Researchers find a cause of Parkinson's disease October 2, 2023

[keepontruckin]

https://www.sciencedaily.com/releases/2023/10/231002124357.htm

"A significant breakthrough sheds light on the underlying mechanisms of Parkinson's disease, offering the potential for innovative treatments in the future...

For the first time, we can show that mitochondria, the vital energy producers within brain cells, particularly neurons, undergo damage, leading to disruptions in mitochondrial DNA[LP1] . This initiates and spreads the disease like a wildfire through the brain, ...

By examining both human and mouse brains, researchers discovered that the damage to mitochondria in brain cells occurs and spreads when these cells have defects in anti-viral response genes...

Small fragments of -- actually DNA -- from the mitochondria are released into the cell. When these fragments of damaged DNA are misplaced, they become toxic to the cell, prompting nerve cells to expel this toxic mitochondrial DNA, ...

She also expressed hope that "detecting the damaged mitochondrial DNA could serve as an early biomarker for disease development."...

Professor Issazadeh-Navikas also envisions the possibility of detection of damaged mitochondrial DNA in the bloodstream, making it feasible to diagnose the disease or gauge treatment responses through a simple blood test.
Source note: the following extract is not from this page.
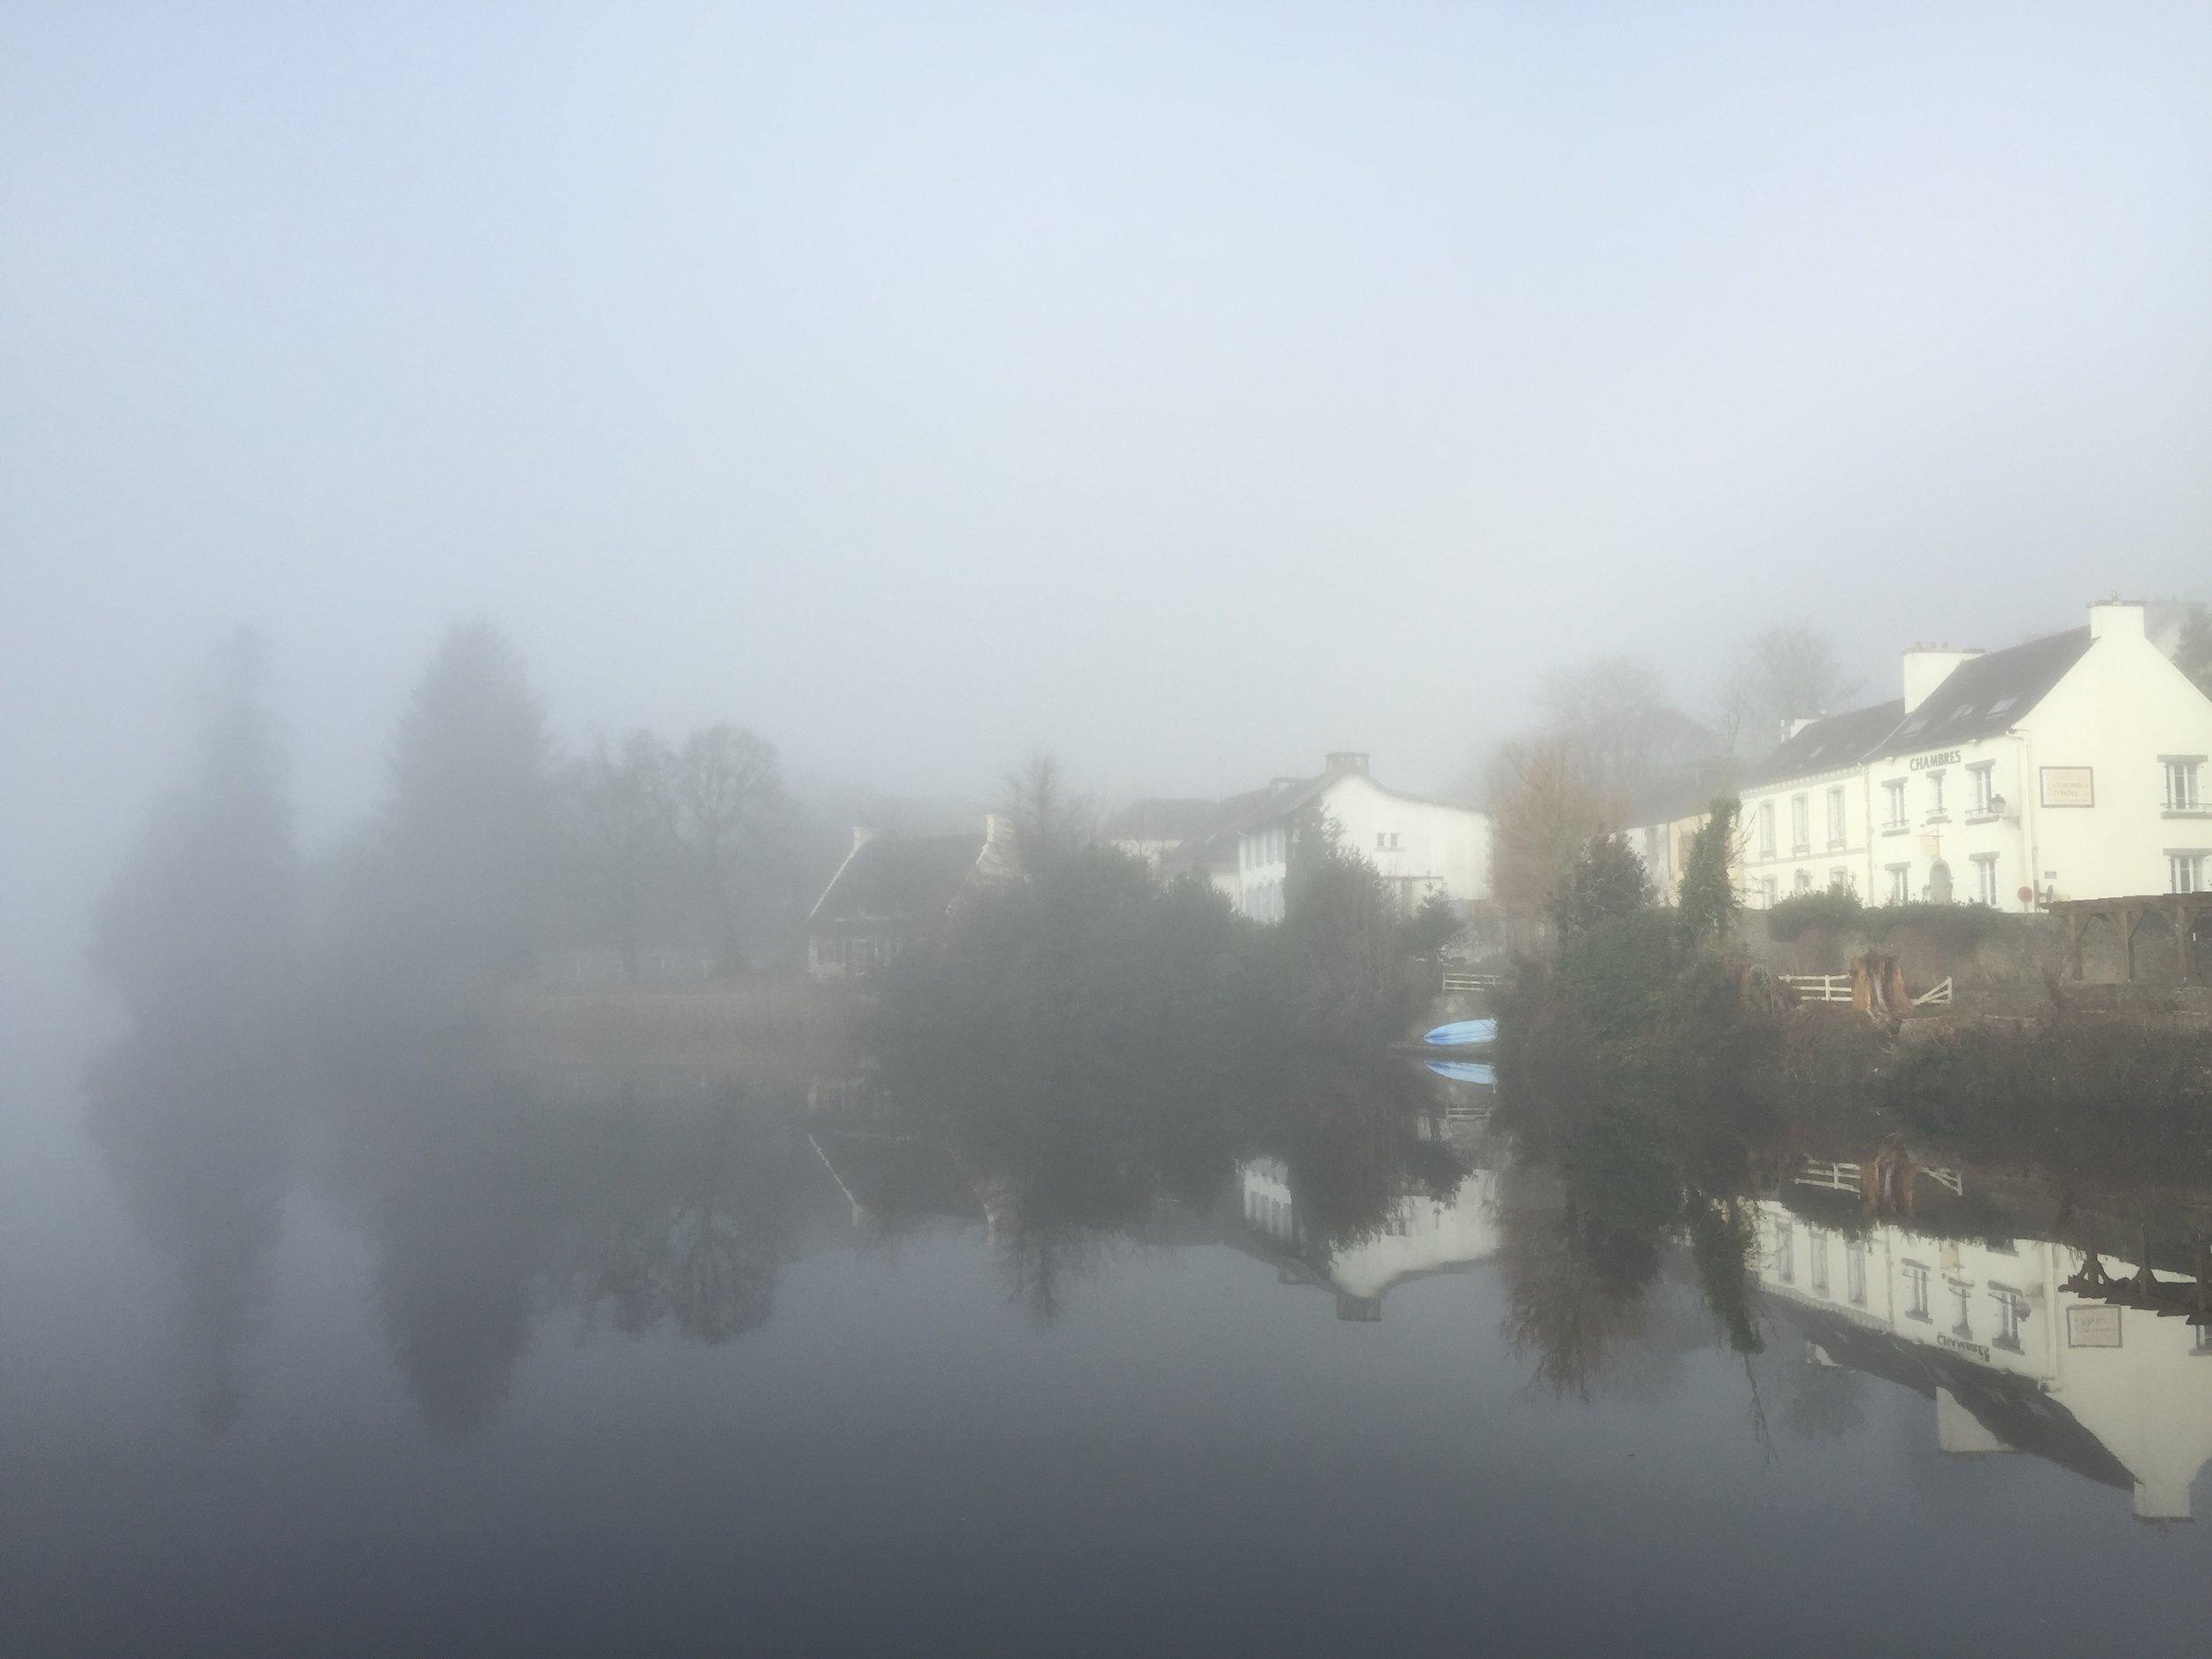 Misty Lake Huelgoat, Brittany France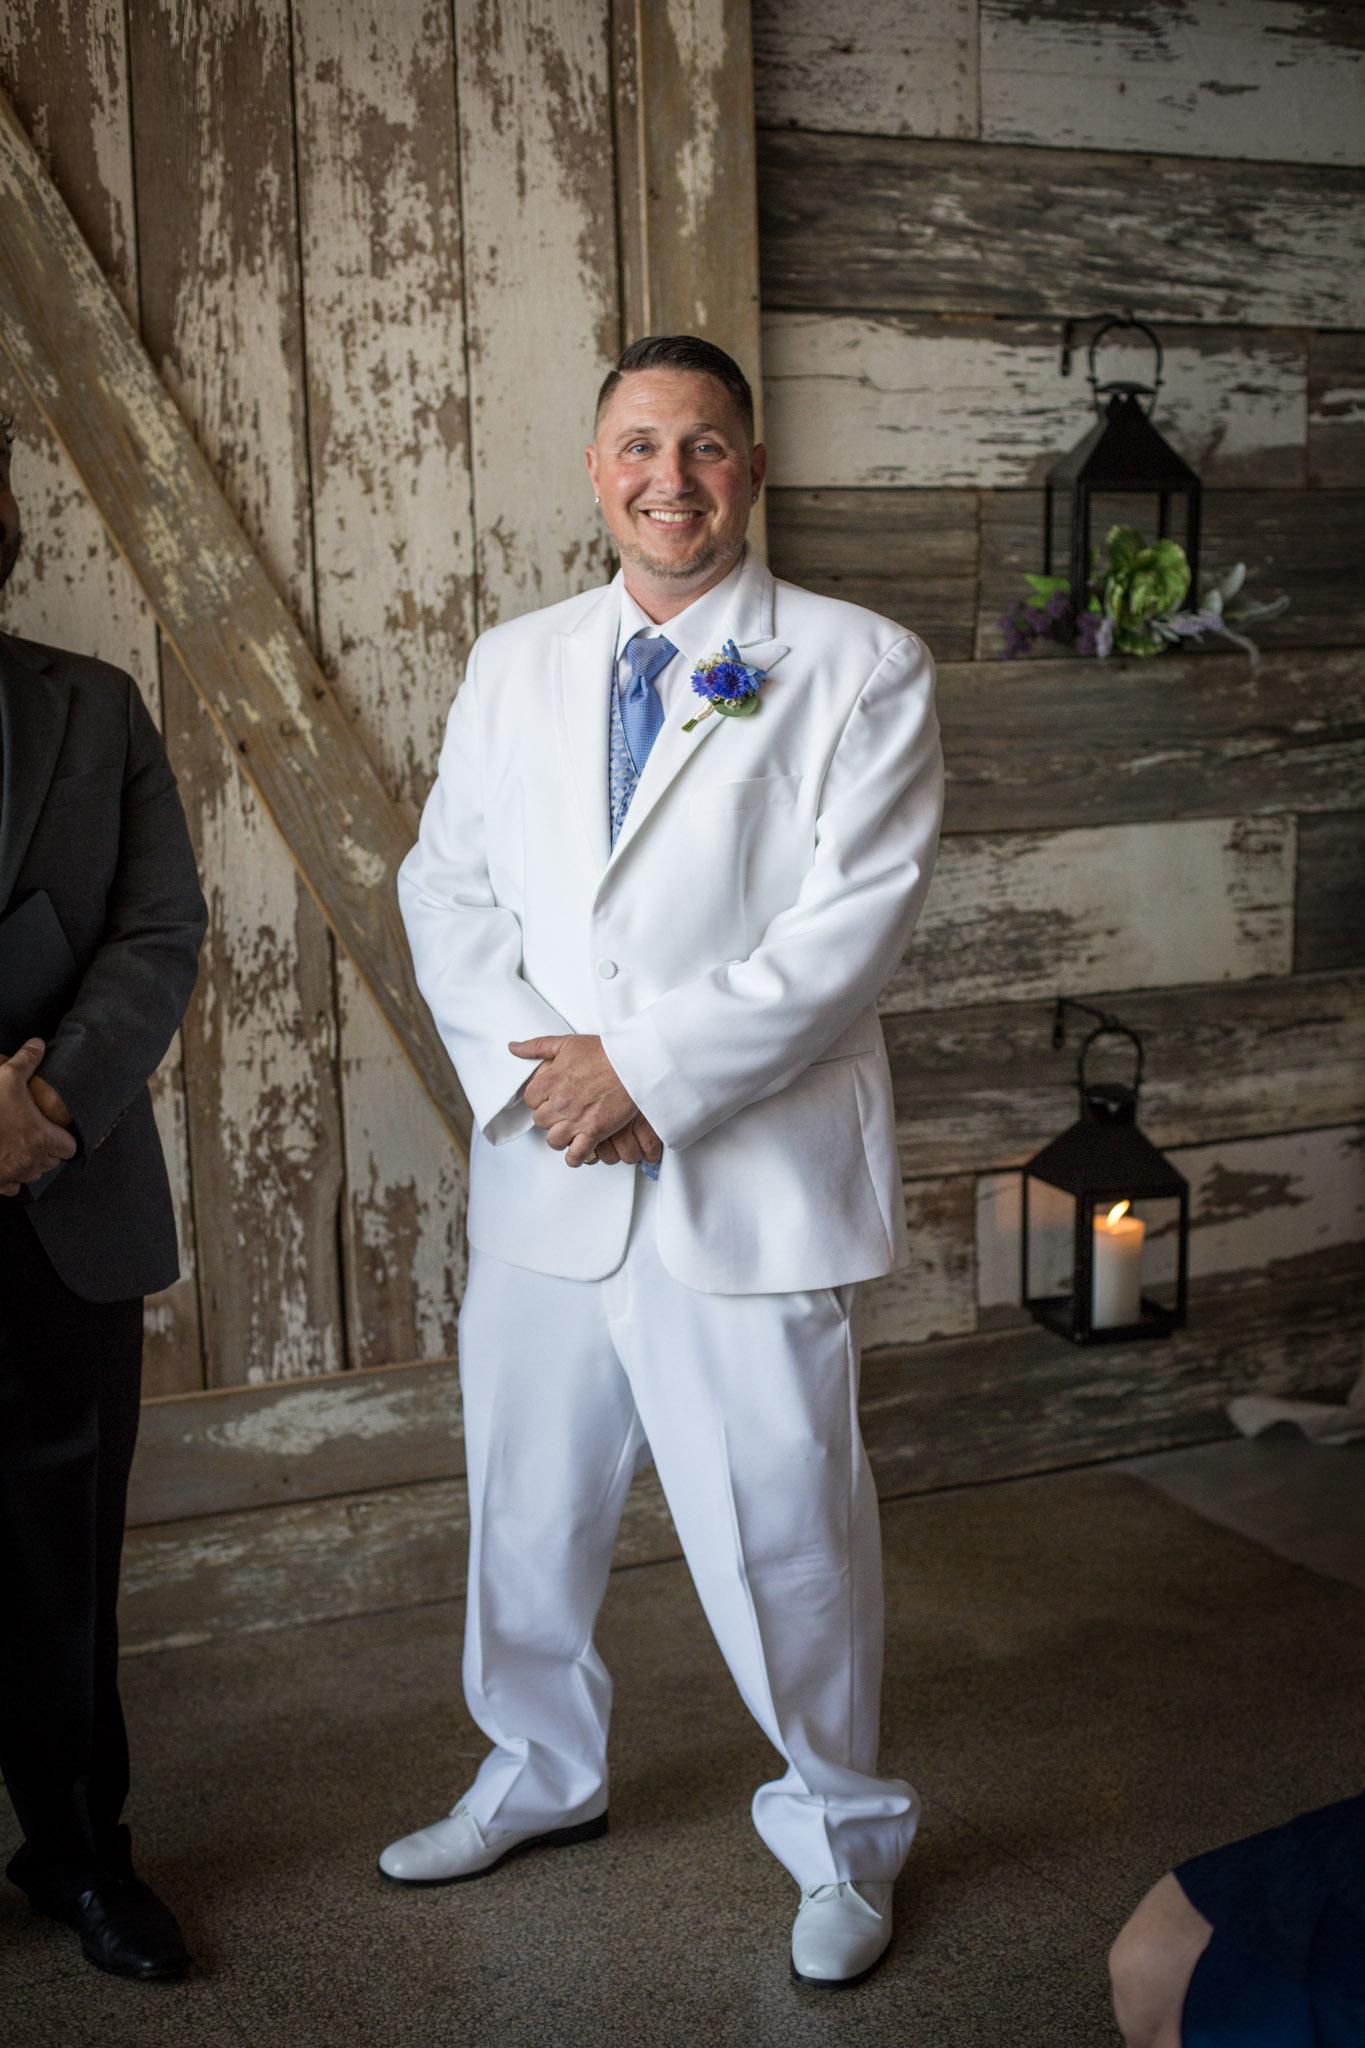 The_Vow_Exchange_Kansas_City_Small_Budget_Wedding_Venue_Mico&Daniel-052.jpg

The researchers' next endeavor involves investigating how mitochondrial DNA damage can serve as predictive markers for different disease stages and progression. "Furthermore, we are dedicated to exploring potential therapeutic strategies aimed at restoring normal mitochondrial function to rectify the mitochondrial dysfunctions implicated in the disease."

 

[Wishful]

This sounds potentially useful for ME research too: a new mechanism linking viral response to cell functionality, in a way that can spread. Maybe, for example, there's a similar response in astrocytes, which affects how their connections to neurons work, and instead of spreading evenly, it spreads differently for each individual, resulting in ME's myriad of symptoms. Hopefully some researchers will read this study and get a new perspective on ME. Sadly, others will hold to their old dogma.

 

[Nord Wolf]

I'm not sure how significant a breakthrough it actually is. This article written in 2009 states basically the same things, though not specific to PD, but rather all neurodegenerative diseases.
https://www.ncbi.nlm.nih.gov/pmc/articles/PMC2680182/

My wife has PD and studies all the time, much like we do on M.E. Anytime she finds an article claiming a new breakthrough, she finds another article citing the same things that was published years ago.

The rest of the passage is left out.